2023–24 Projects:
Advisor: Sneha Narayan
Every article on Wikipedia is created by a group of editors who sequentially build upon one another’s work. Many times, this is a slow and steady process - perhaps a few editors might go back and forth over a couple of years to develop the article for Northfield High School, as you can see from the revision logs here. Other times, editors might be responding to a breaking news event, such as on the page for the Mueller report (revision logs here). This is often characterized by a flurry of activity right around when significant events take place (in this case, on April 18th, when the report was released publicly).
Articles about breaking news events are particularly tricky to write because the facts on the ground are constantly changing, and new sources regularly pop up that contain relevant information that might warrant inclusion. At the same time, editors need work quickly to create a synthesis that reflects what is currently known, while maintaining the encyclopedia’s commitment to presenting a ‘neutral point of view’ on the events. In this project, you will investigate how the process of co-creating an article on a breaking news topic like the Mueller report might look very different from the process of creating an article on a topic like Northfield High School.
How can we meaningfully characterize different patterns of activity that lead to the creation of article pages? One approach is to look at article trajectories - i.e. graph structures that represent the sequence of editor interactions on an article page. Figure 1 presents an example of what this looks like - an editor A may create an article, thus making the first revision to the page, after which editor B comes along and revises what editor A had. This action is represented by a directed edge from editor A to B in the article trajectory graph. As the sequence of edits progress, we can build more detailed graphs that demonstrate how the article evolved through this chain of revisions. These article trajectory graphs can then be analyzed to answer questions about how the creation of articles about breaking news events might follow different trajectories than articles about, say, historical events.

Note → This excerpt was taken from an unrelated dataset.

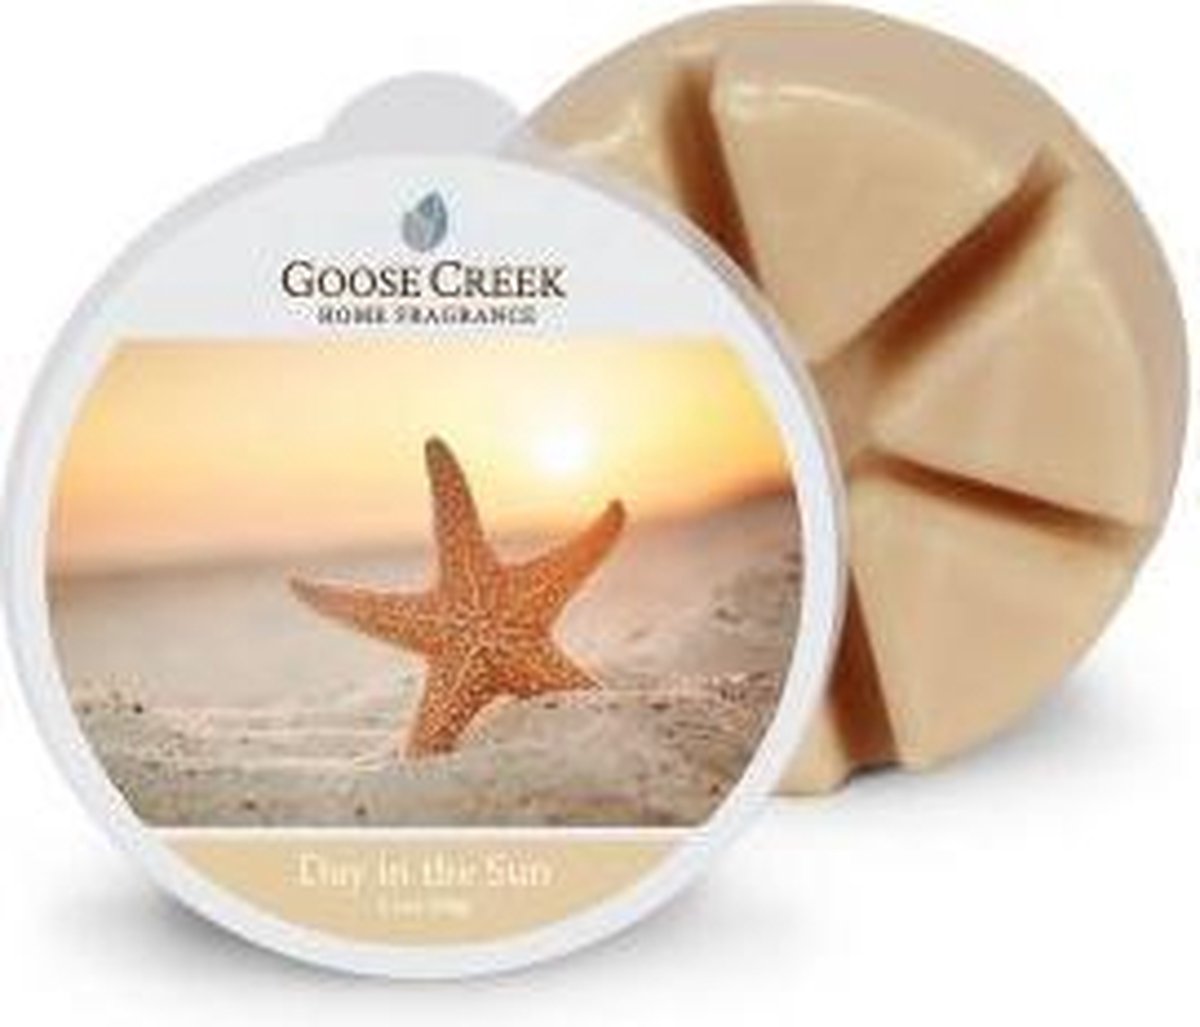 Goose Creek Wax Melts Day In The Sun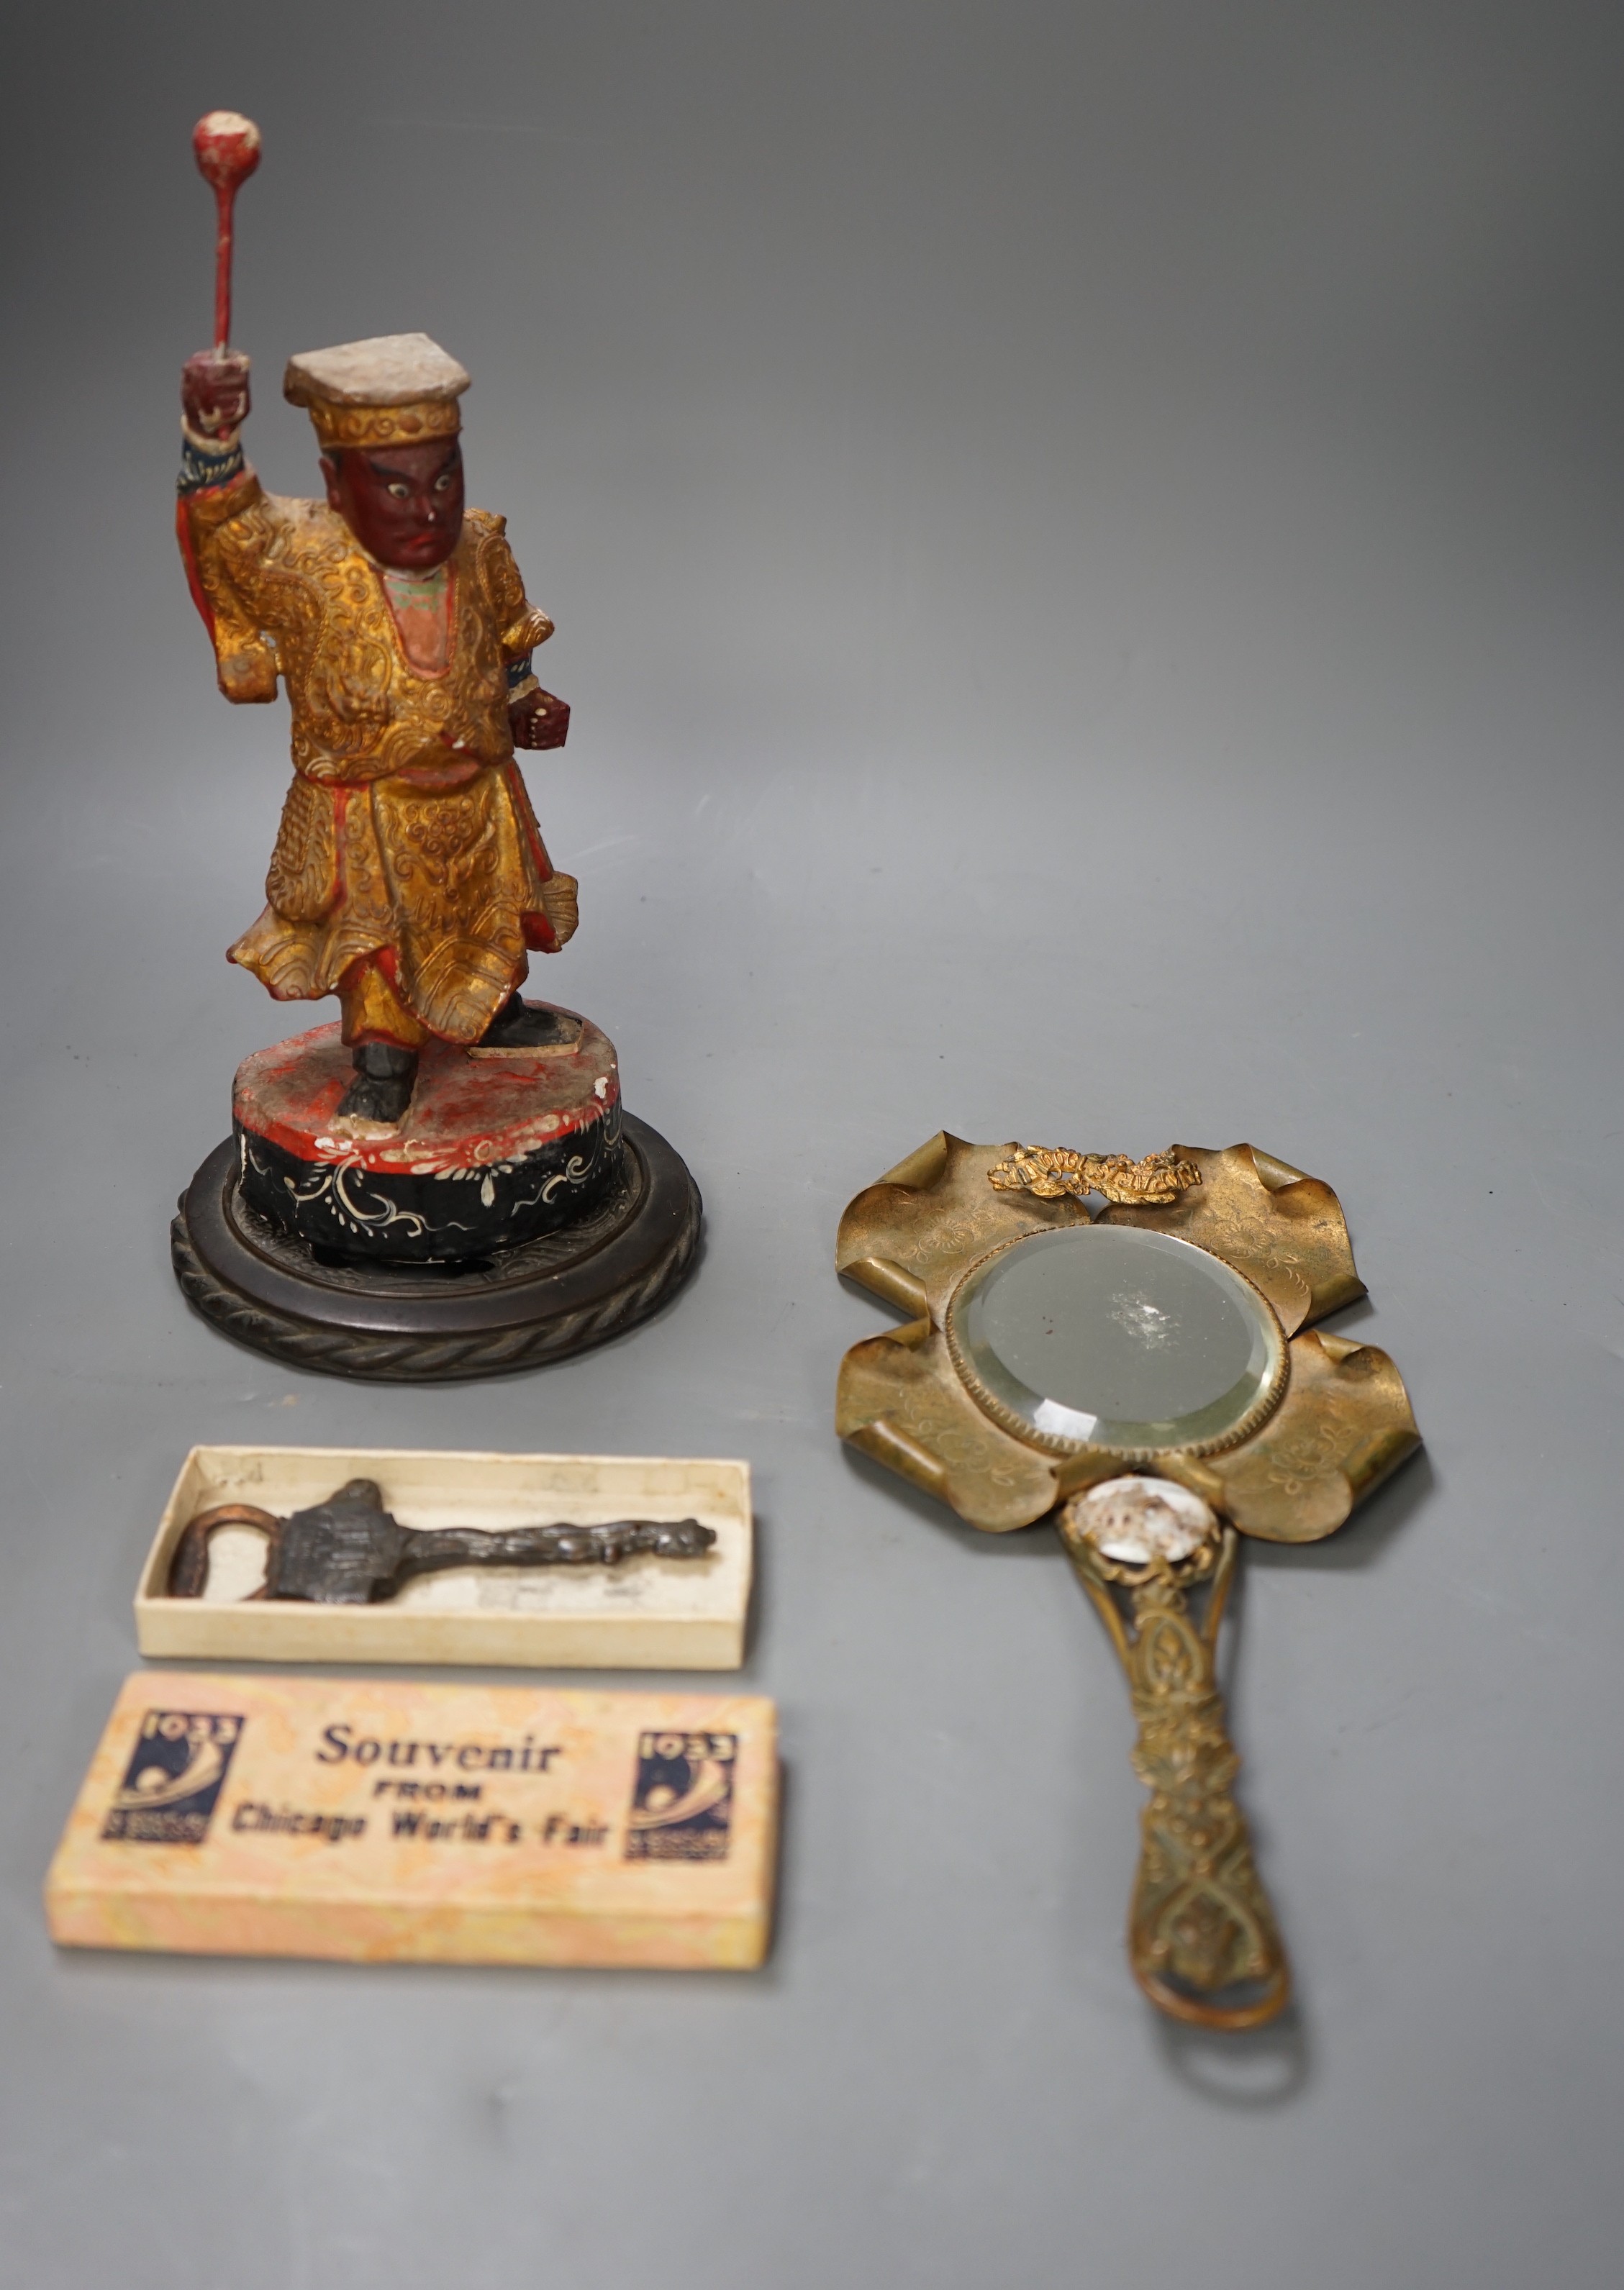 An Oriental carved painted wooden figure, together with an early 20th century 'Chicago World Fair' bottle opener souvenir, and a 1900 Paris exposition mirror with floral and scroll motif (3)

Much of the work you’ll do on this project will involve replicating work in this paper, which introduces the article trajectory approach and examines a corpus of Wikipedia articles about plane crashes. While you would be replicating the authors’ methods and approach, I would like you to identify a different category of breaking news events to conduct these analyses on and see how the original findings hold up. In particular you will:
All seniors are likely to have the necessary background for the computational parts of these projects. If you have had any statistics classes that introduced concepts about hypothesis testing (i.e. any course that might count towards the Statistics major, or a quantitative analysis course in one of the social sciences) that might be helpful for the analysis portion, but it is not a prerequisite. I’d expect you to be interested in learning and thinking about applications of computational techniques to problems motivated by the social sciences, but beyond a willingness to read papers in these areas, no specific social science background is required.
You can skim the paper this project is based on to get a sense of the kinds of analysis you will be doing, and the related work you’ll be reading for background.
Keegan, B., Gergle, D., & Contractor, N. (2012, August). Staying in the loop: structure and dynamics of Wikipedia's breaking news collaborations. In Proceedings of the Eighth Annual International Symposium on Wikis and Open Collaboration (p. 1). ACM.